In fact, the Federal Trade Commission just initiated a rulemaking process related to consumer privacy and Congress released a discussion draft of a comprehensive data privacy bill, the American Data Privacy and Protection Act (“ADPPA”).
Let’s face it: the current generation of technology requires that participants play by the rules. But we know they don’t. Hackers definitely don’t play by the rules and one can easily make the case that big tech and governments don’t either.
Consumers are tired of this infringement to our basic human rights. A KPMG survey revealed “86% of the respondents feel a growing concern about data privacy, while 78% expressed fears about the amount of data being collected. Some 40% of the consumers surveyed don’t trust companies to use their data ethically, and 13% don’t even trust their own employers.”
What are people doing about it? They’re driving an increasing demand for privacy-based products and services. So, here’s the 21st century challenge for companies: How can a business develop products that leverage people’s data to increase engagement and help people connect and communicate with each other, but do so in a way that fully respects people’s privacy and data rights?
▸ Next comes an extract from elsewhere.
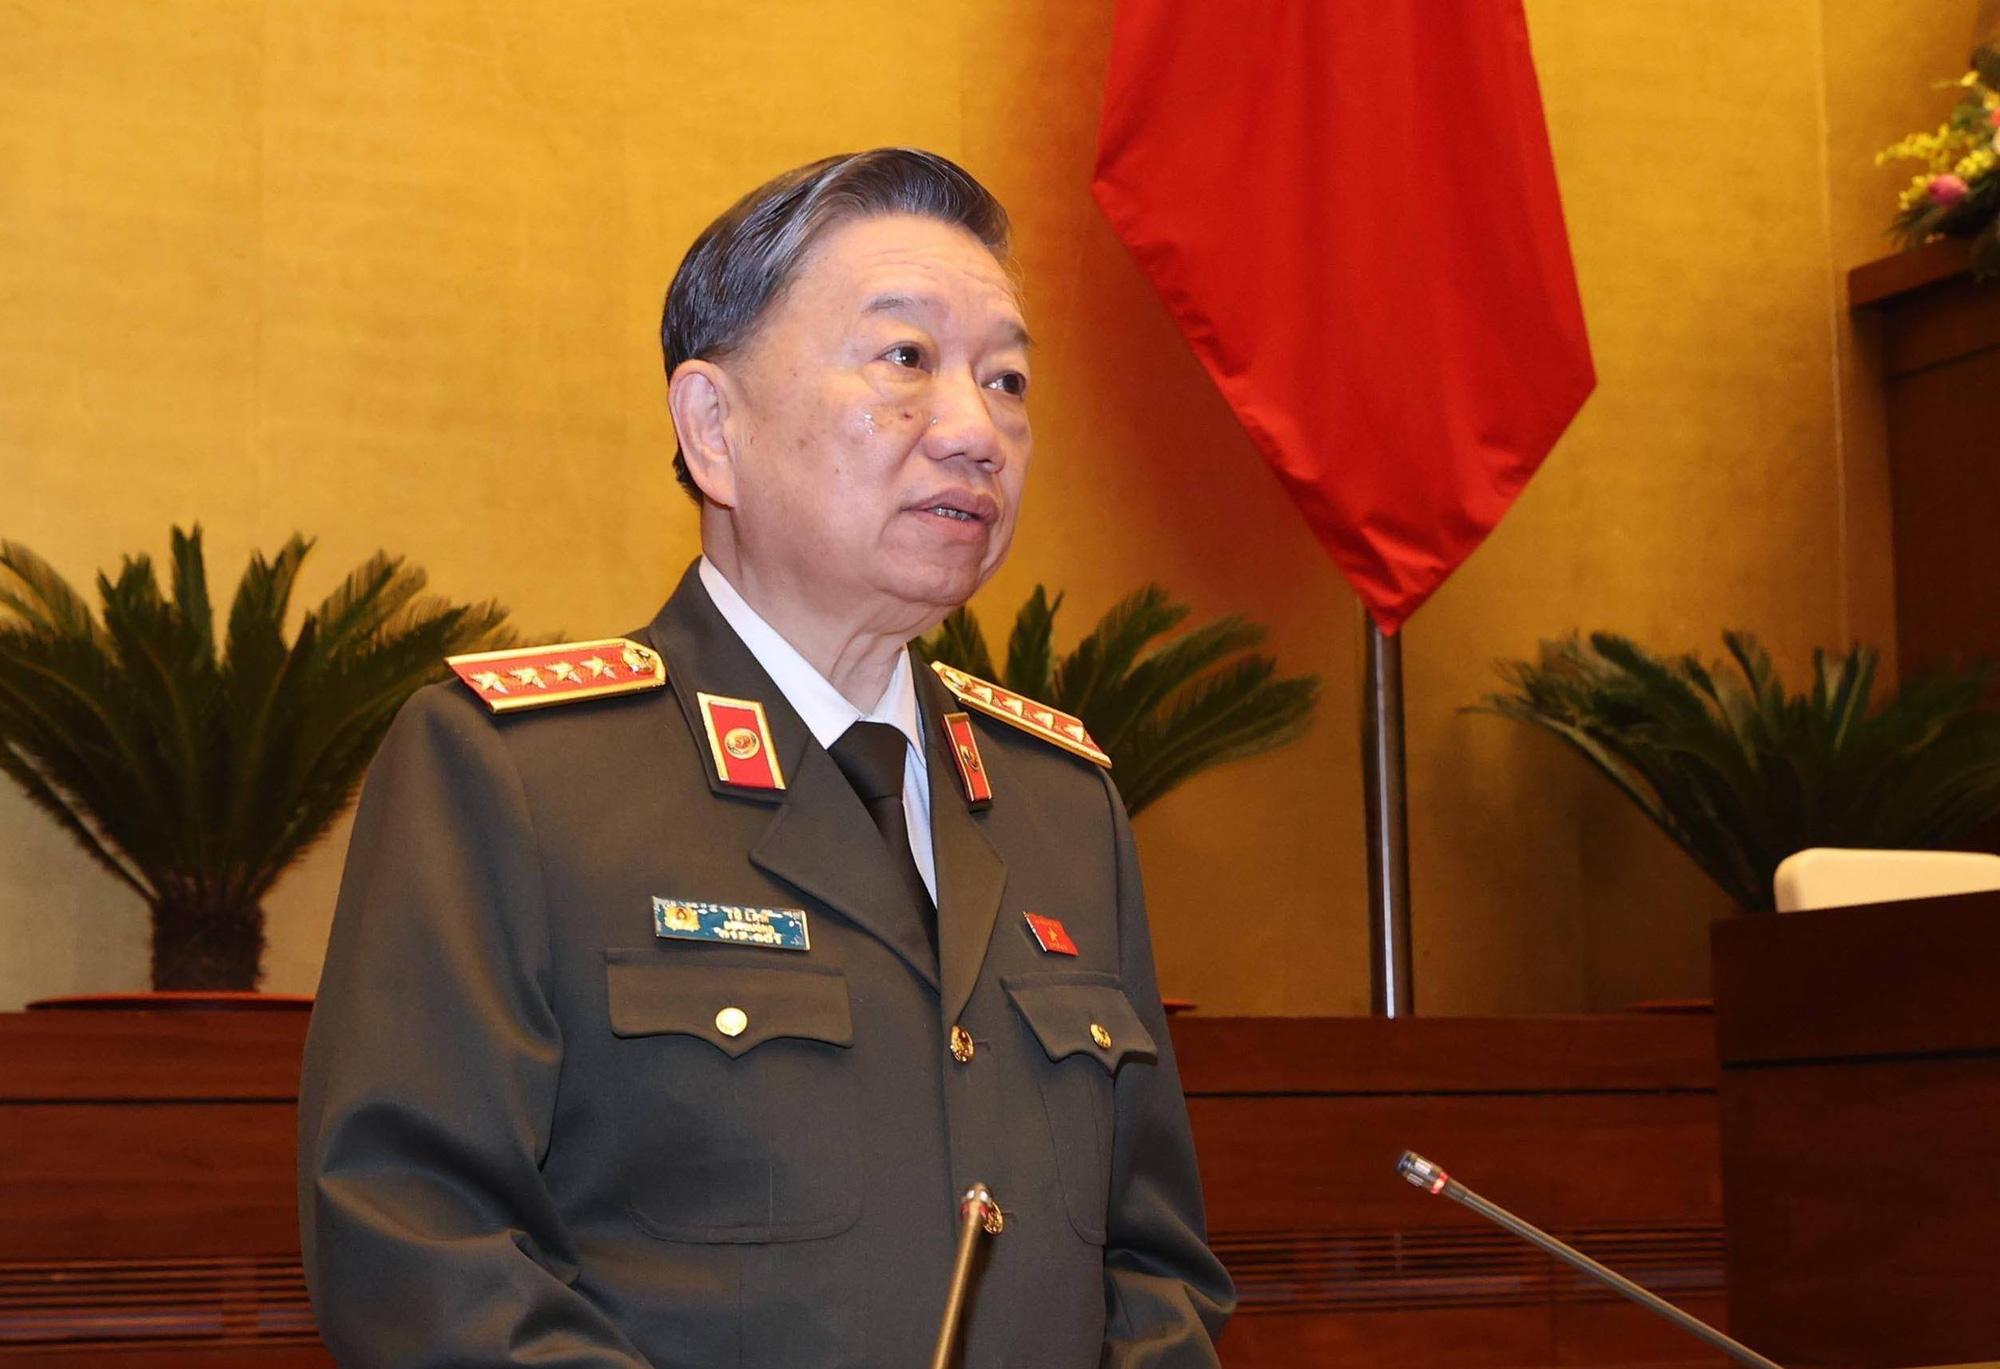 Bộ trưởng Tô Lâm: Tội phạm về tham nhũng ít hơn năm ngoái  - Ảnh 1.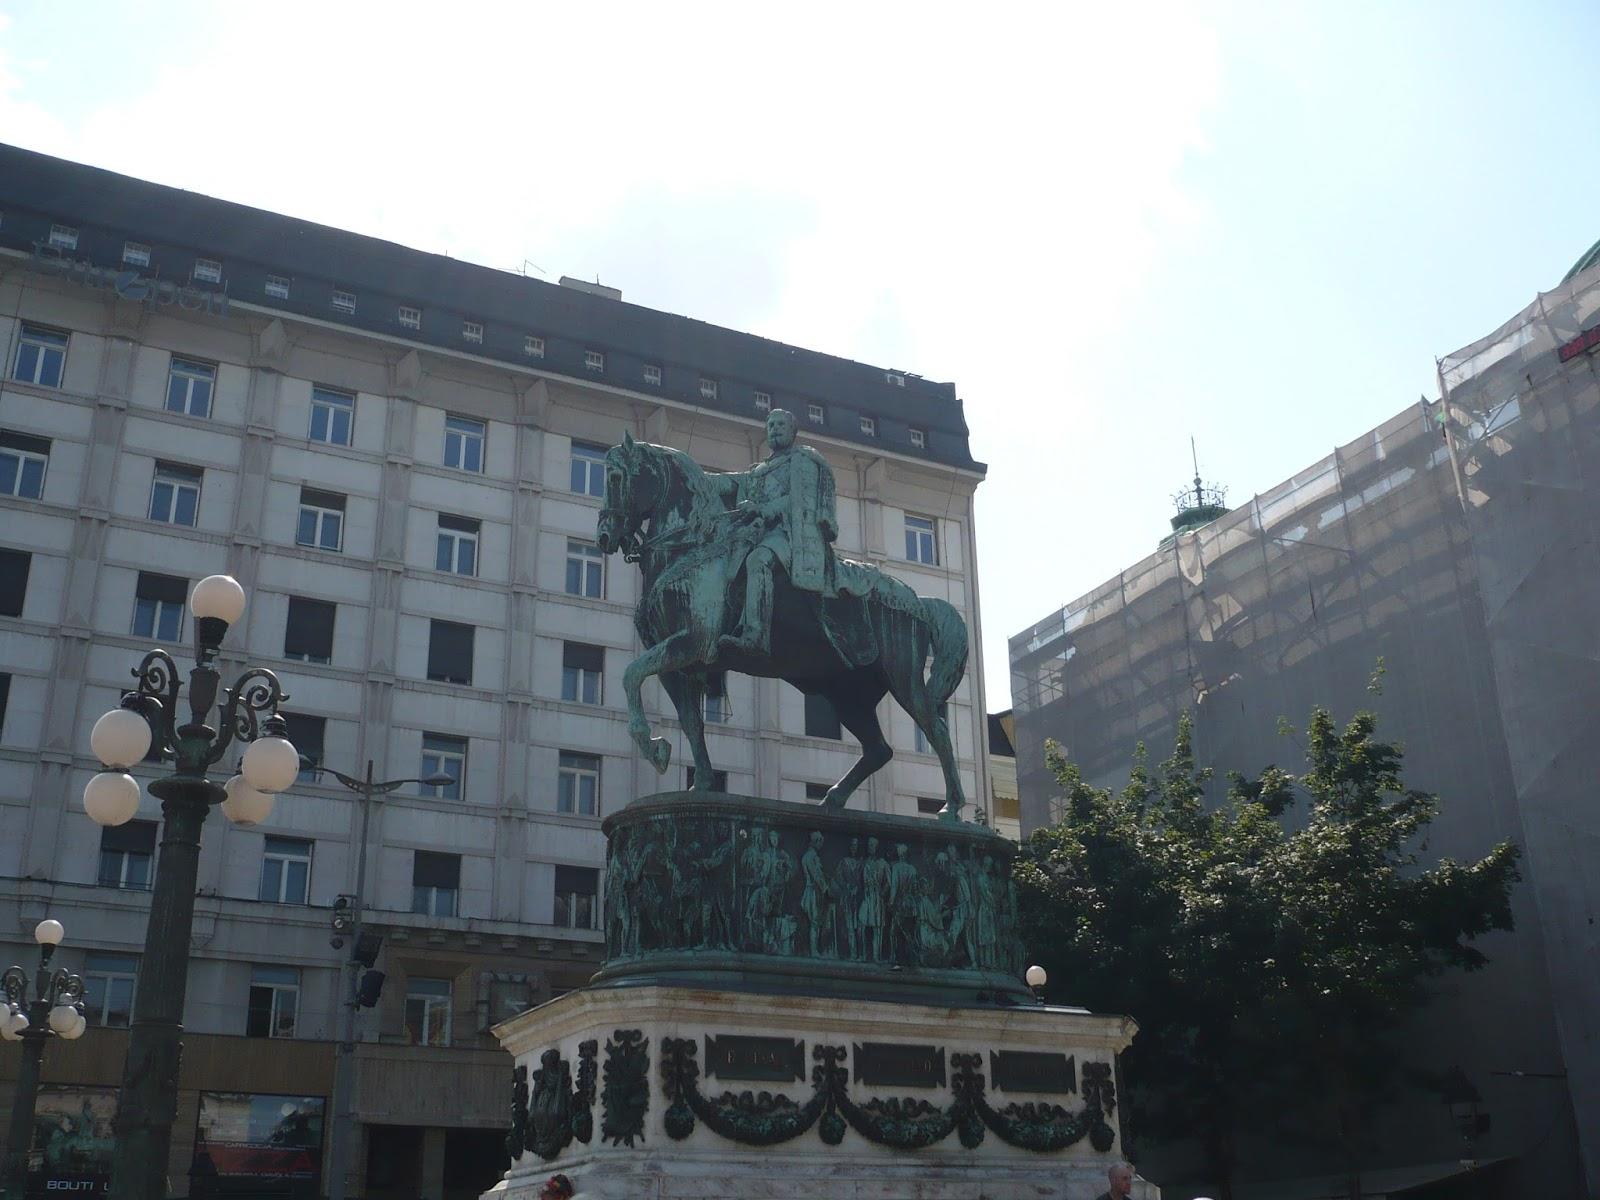 Језива историја Београда: Трг републике крије мрачну тајну прошлости

Privacy Enhancing Technology
If you haven’t started thinking about that question, about your company’s privacy strategy and how the next wave of privacy regulations will impact your business, you’re already behind the curve. Privacy Enhancing Technology (PET), also known as Privacy Enhanced Computation (PEC), was identified as one of the top three key technology trends by Gartner in 2021 and again in 2022. In other words, if PET/PEC isn’t on your radar, it should be.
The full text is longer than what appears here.